The [DE]XXXL[LI] motif of GLUT8 is sufficient for its intracellular retention. (A) Four chimeras (tailless interleukin-2 receptor α chain (TAC), a CD3-δ–TAC chimera, TAC–wild-type GLUT8 N-terminus and TAC–LL/AA-GLUT8 N-terminus) were transfected into HeLa cells. (B) Appearance of the proteins at the plasma membrane was assessed by TAC antibody internalization (labelled in green), and the overall distribution of the chimeric proteins was analysed after fixation and permeabilization of the cells (labelled in red).

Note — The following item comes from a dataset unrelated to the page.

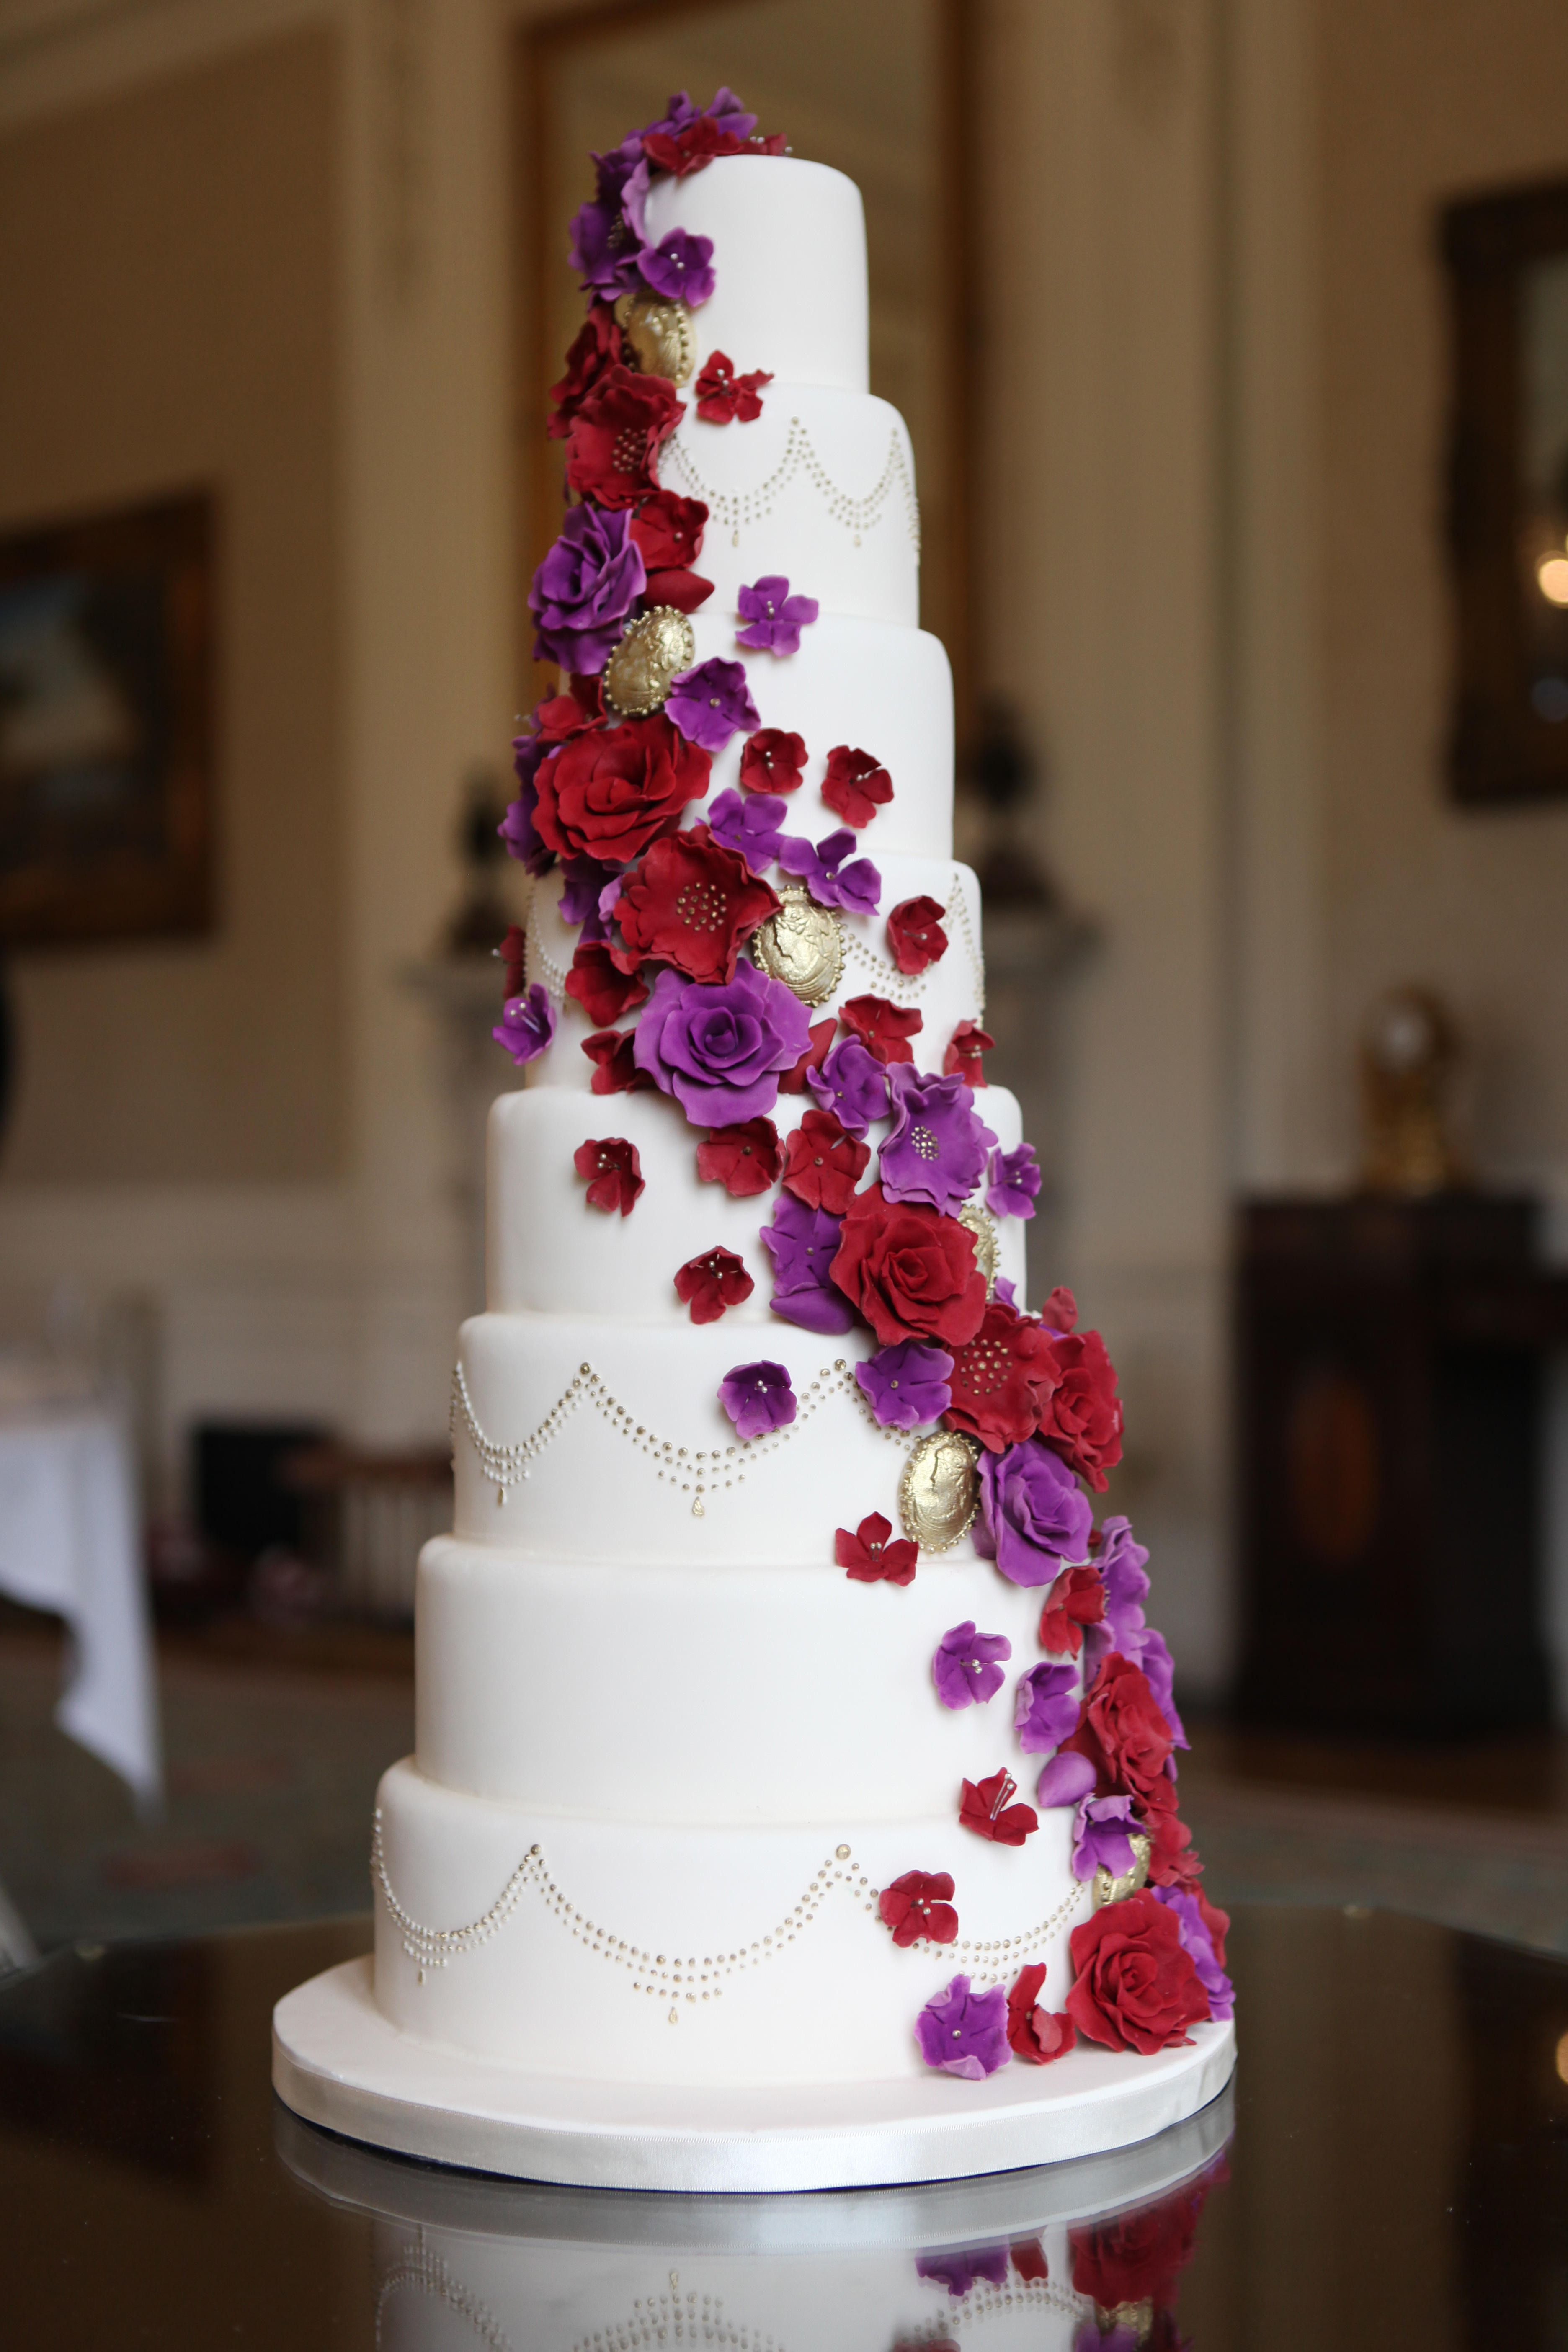 Asian cake design wedding
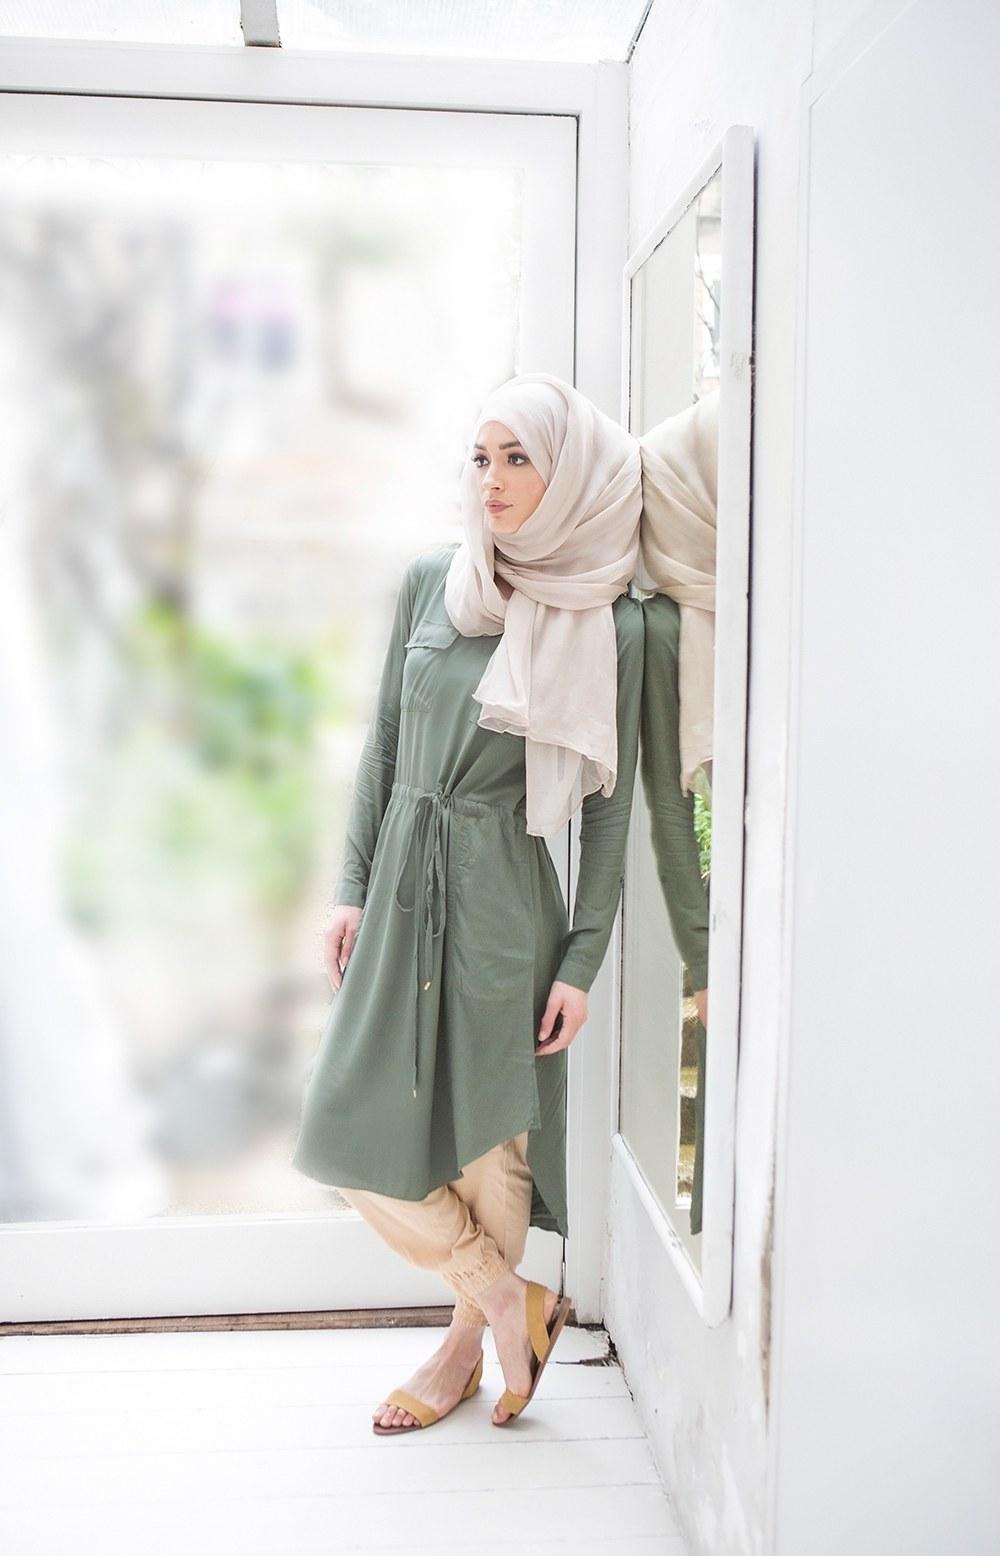 Inspirasi Model Baju Lebaran Syahrini 2017 T8dj 25 Trend Model Baju Muslim Lebaran 2018 Simple & Modis

The tailless interleukin-2 receptor α chain construct appears at the plasma membrane only (B,a–c), whereas the CD3δt₃t₂–TAC chimera containing the EXXXLL consensus sequence is internalized from the membrane, as indicated by the internalized TAC antibody labelled in green (B,d). The GLUT8–TAC chimera is not targeted to the plasma membrane (green labelling in B,g). Mutating the dileucine motif of GLUT8 to LL/AA results in the opposite picture compared with the GLUT8–TAC protein, i.e. localization of the GLUT8-LL/AA–TAC chimera is restricted to the plasma membrane (B,k). Scale bars = 10 μm.